I mentioned in my previous post that we had excessive debt because we built our finances on two incomes and then she quit her job. That eventually led to a bankruptcy earlier this year which was just finalized a few weeks ago. My wife has not been working for 2 years now and has no interest in doing so. She wants to craft for a living, which I supported her in in the beginning - she works hard at it - but it's been 6 months and it's been a significant net loss every month. There still is no sexual or romantic involvement. I'm 32 and want to have children, but certainly not in this relationship the way it stands now.

At this point, I'm not sure there's anything left to salvage here. I believe in marriage, and feel like I should try to salvage things one more time... but then I feel like a sucker for sticking it out this long too. The other conundrum is that we've been married just over 3 years and I'm a little afraid that if I do file for divorce I'm going to get hammered on alimony since she has not been working for the last 2.

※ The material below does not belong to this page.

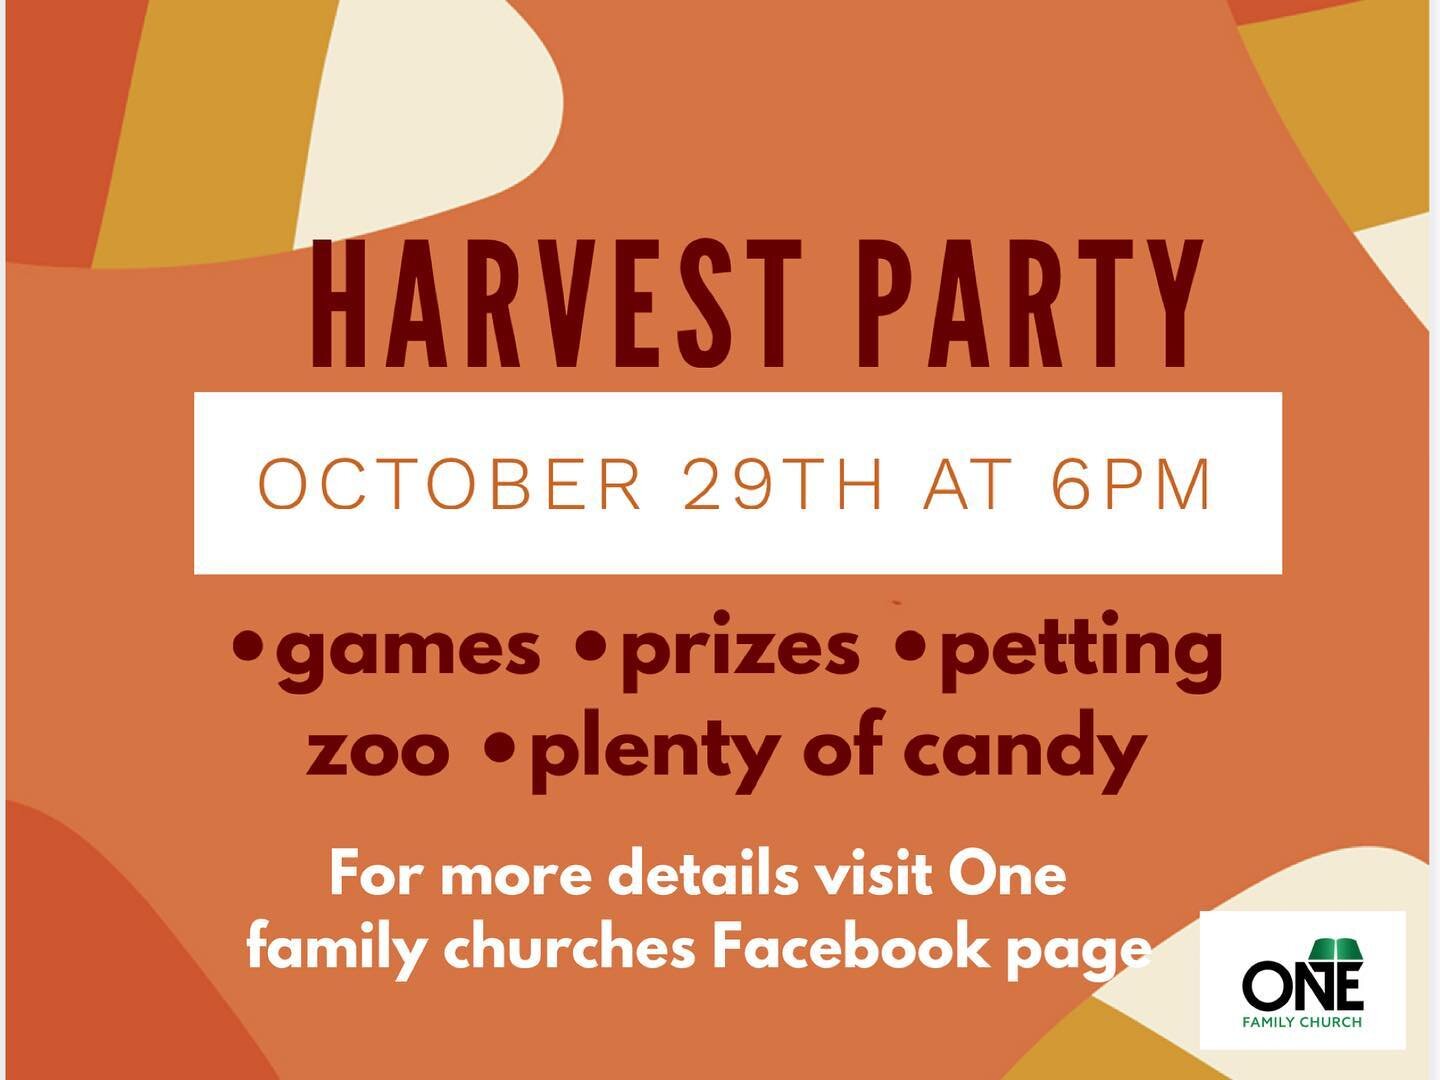 Join us for a fall harvest party. There will be&nbsp;&nbsp;games, door prizes, a petting zoo, and plenty of candy! You don&rsquo;t want to miss this!

So, I'm looking for advice and opinions. Should I give it one more shot, or should I start making preparations for divorce?


----------



## Strattec (Apr 27, 2013)

I think you did enough for her during her back problems. If she doesn't give you sex and with no kids, it's probably better for you to divorce while you're still young. It gives you a chance to start new.

At 3 years, alimony shouldn't be that much if anything. You have no child support to pay for so you're lucky. Maybe 1.5 years you'll have to pay. If you're married more than 7 years, you could pay alimony forever. If you're looking to leave, now is the best time to do it, unless you see yourself happy with her in the future.


----------



## PBear (Nov 16, 2010)

Has she been doing the counselling? And why did you back down on the job thing? She's costing you (as a family) money, rather than bringing in anything, and this is after you've already been through a bankruptcy.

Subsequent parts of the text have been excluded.